Here in the South, there are but few if any farm crops that can be depended upon one year with another for satisfactory yields, as is true of the sweet potato. It is also true that most of our southern soils produce potatoes superior in quality, attractive in appearance and satisfactory in yields, as any other section of the country.”
“As a food for human consumption, the sweet potato has been, and always will be, held in very high esteem and its popularity will increase in this direction as we learn more about its many possibilities.
There is an idea prevalent that anybody can cook sweet potatoes. This is a very great mistake, and the many, many dishes of ill-cooked potatoes that are placed before me as I travel over the South prompt me to believe that these recipes will be of value (many of which I have copied verbatim from Bulletin No. 129, U. S. Department of Agriculture). The above bulletin so aptly adds the following:
The delicate flavor of a sweet potato is lost if it is not cooked properly. Steaming develops and preserves the flavor better than boiling, and baking better than steaming. A sweet potato cooked quickly is not well cooked. Time is an essential element. Twenty minutes may serve to bake a sweet potato so that a hungry man can eat it, but if the flavor is an object, it should be kept in the oven for an hour.”
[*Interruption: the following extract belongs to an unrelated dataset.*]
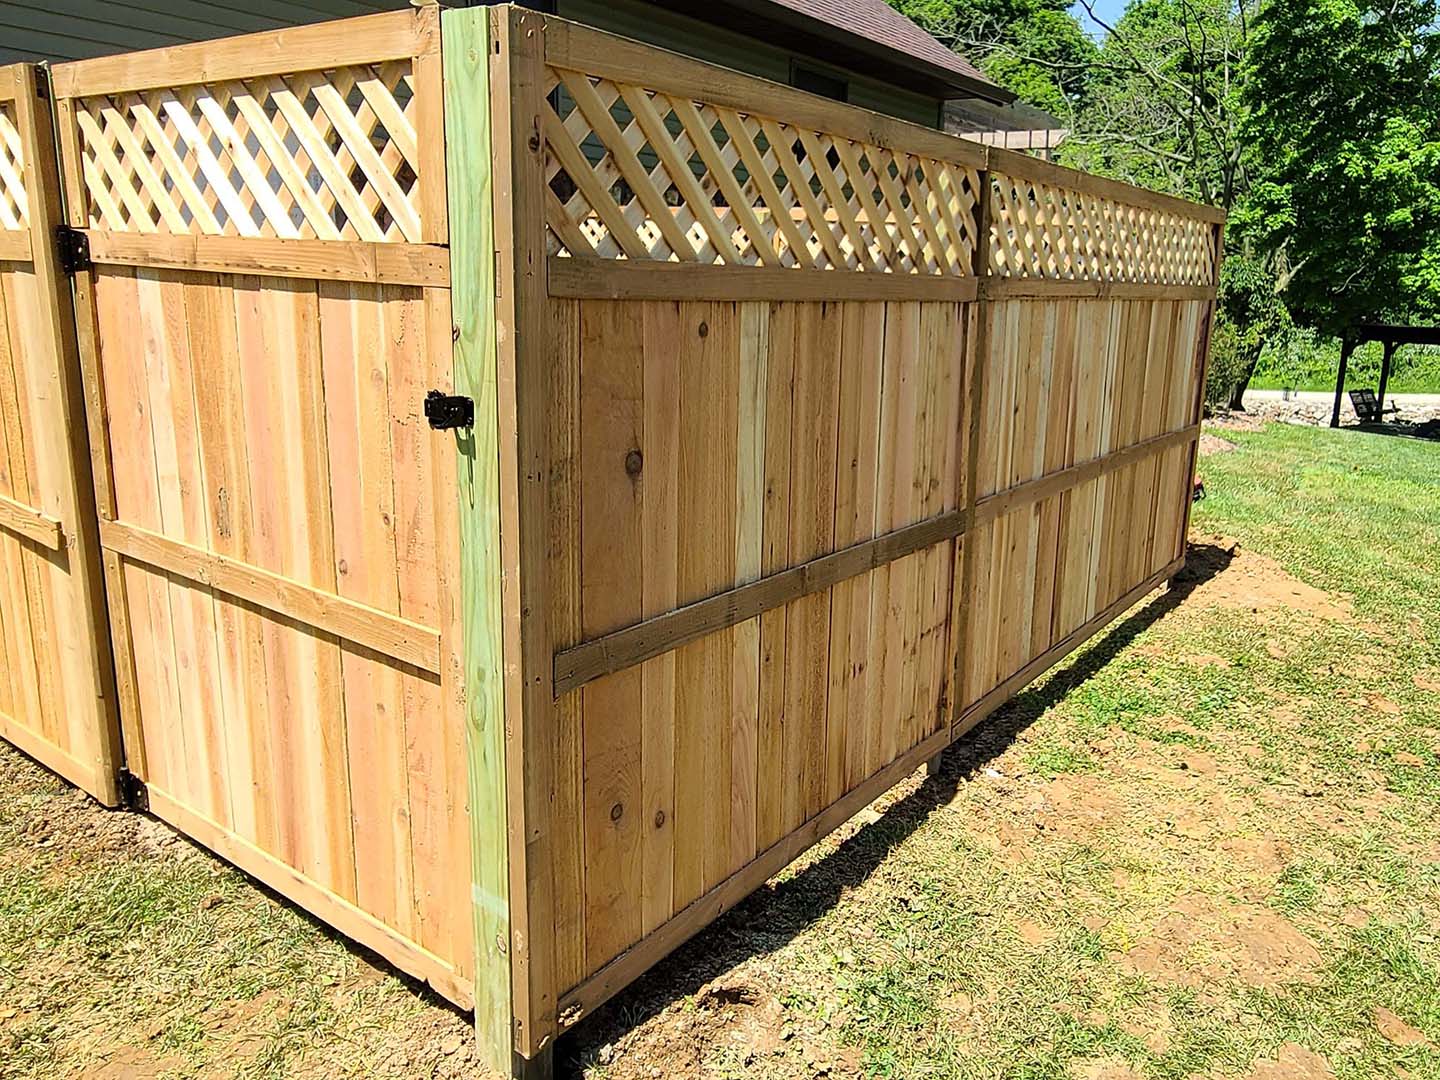 Spencer Indiana residential fencing company
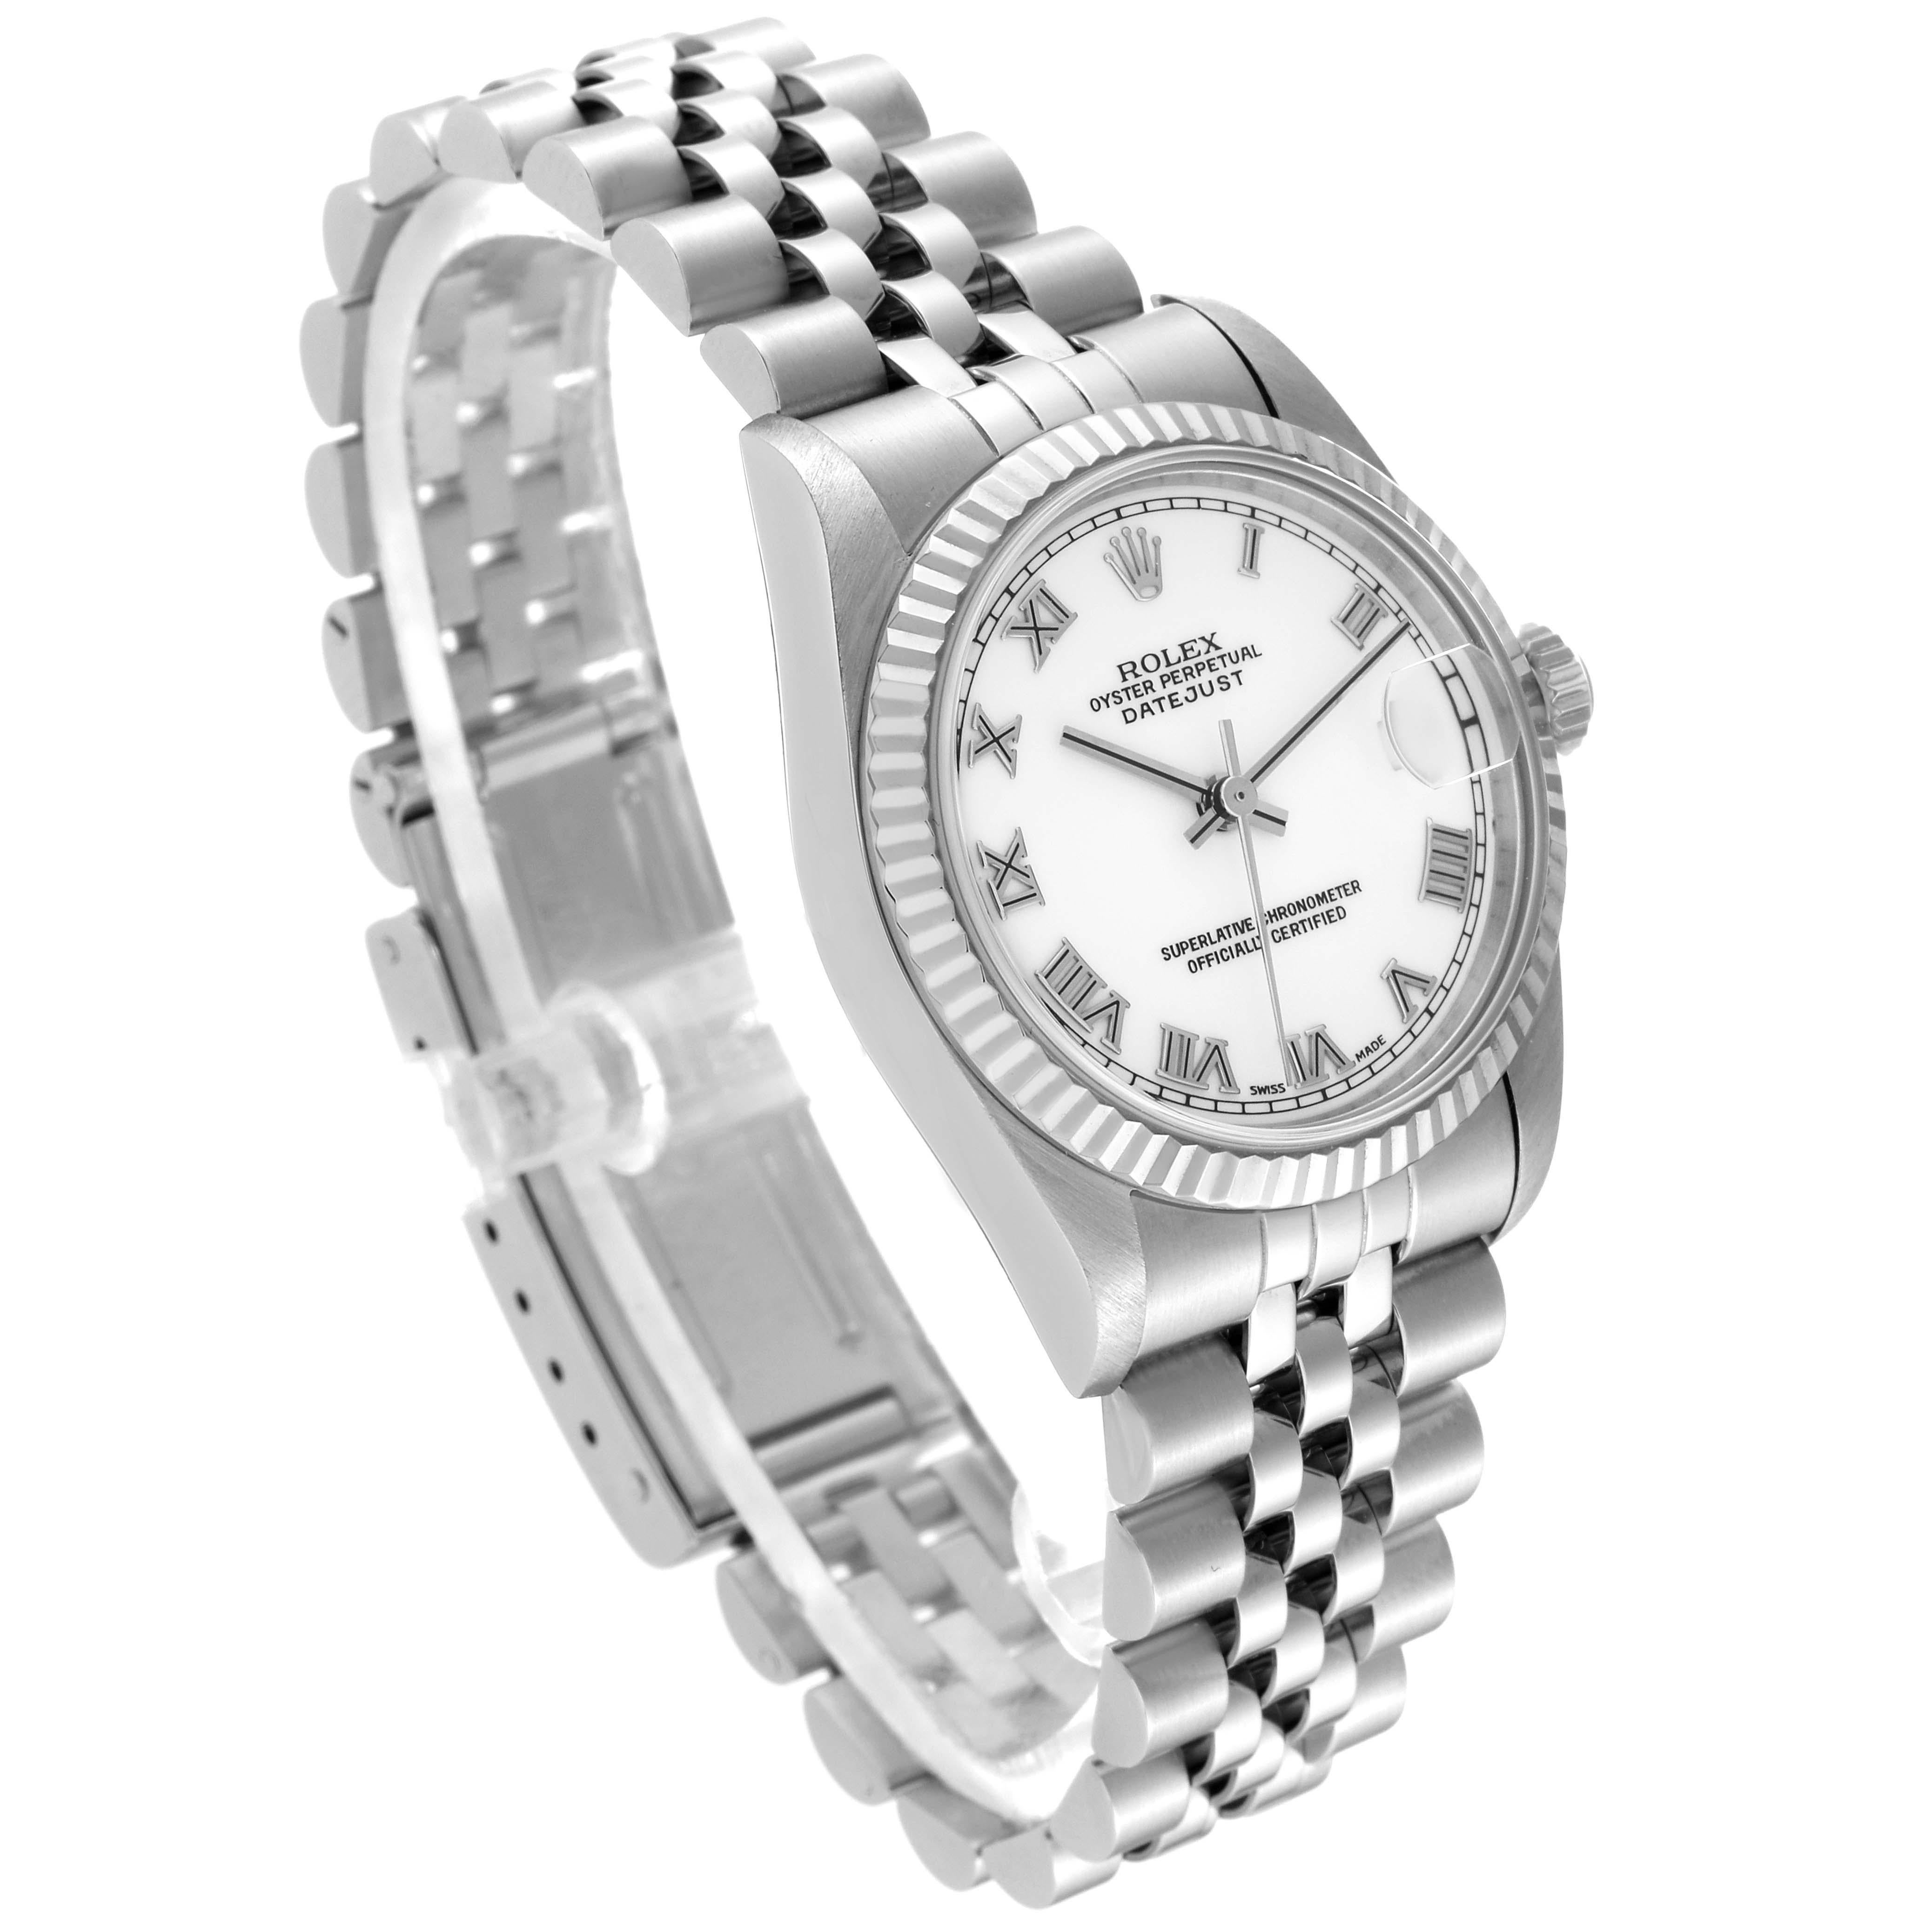 Rolex Datejust Midsize Steel White Gold Ladies Watch 68274. Officially certified chronometer automatic self-winding movement. Stainless steel oyster case 31.0 mm in diameter. Rolex logo on the crown. 18k white gold fluted bezel. Scratch resistant

Dr. Carver’s Sweet Potato Croquettes
Tuskegee, Alabama
SERVES 4
2 cups mashed, boiled, steamed, or baked sweet potatoes
2 egg yolks
1 whole egg
1½–2 cups fresh breadcrumbs
lard or oil
salt to taste
Put sweet potatoes and beaten yolks of two eggs in a pot, and season to taste.
Stir over medium fire until the mixture pulls away from the sides of the pot.
Let sit covered in refrigerator for 1 hour.
When cold form into small croquettes. Roll potato balls in egg and breadcrumbs, and fry in hot oil to amber color.
Serve.
Sweet Potatoes Baked With Apples
Tuskegee, Alabama
SERVES 4
4 medium-size sweet potatoes
4 medium-size apples
1½ cups sugar
1½ cups butter cut into slices
¾ pint hot water
salt to taste
Wash, peel, and cut the potatoes in slices about ¼ of an inch thick.
Pare and slice the apples in the same way.
Put potatoes and apples in baking dish in alternate layers.
Sprinkle sugar and butter over the top, along with hot water.
Bake slowly at 350° F for one hour.
Serve steaming hot.
A Taste for the Past
BY GUY - OREIDO WESTON
Guy-Oreido Weston is an HIV program consultant living in the Washington DC area. His passion for researching the remarkable history of his ancestors of Timbuctoo has culminated in a lifelong project and various writings.
E
ven as a child,
my favorite people were the matriarchs in my life: my mother, mother’s friends, grandmothers, grandmothers’ sisters, and their female cousins. Among these women, the person who left me the most lasting legacy was Lillian Giles Gardner, my maternal grandmother’s first cousin. Lillian was an elegant, beautiful, and youthful woman at every age. A retired jazz vocalist, she was progressive and open-minded in an era when the norm was respecting the status quo. While most of the Giles family was Methodist or Baptist, Lillian was Episcopalian. I think my siblings and I looked up to Lillian because she was “different.” As teenagers, she made us feel comfortable discussing things we felt we couldn’t discuss with our parents.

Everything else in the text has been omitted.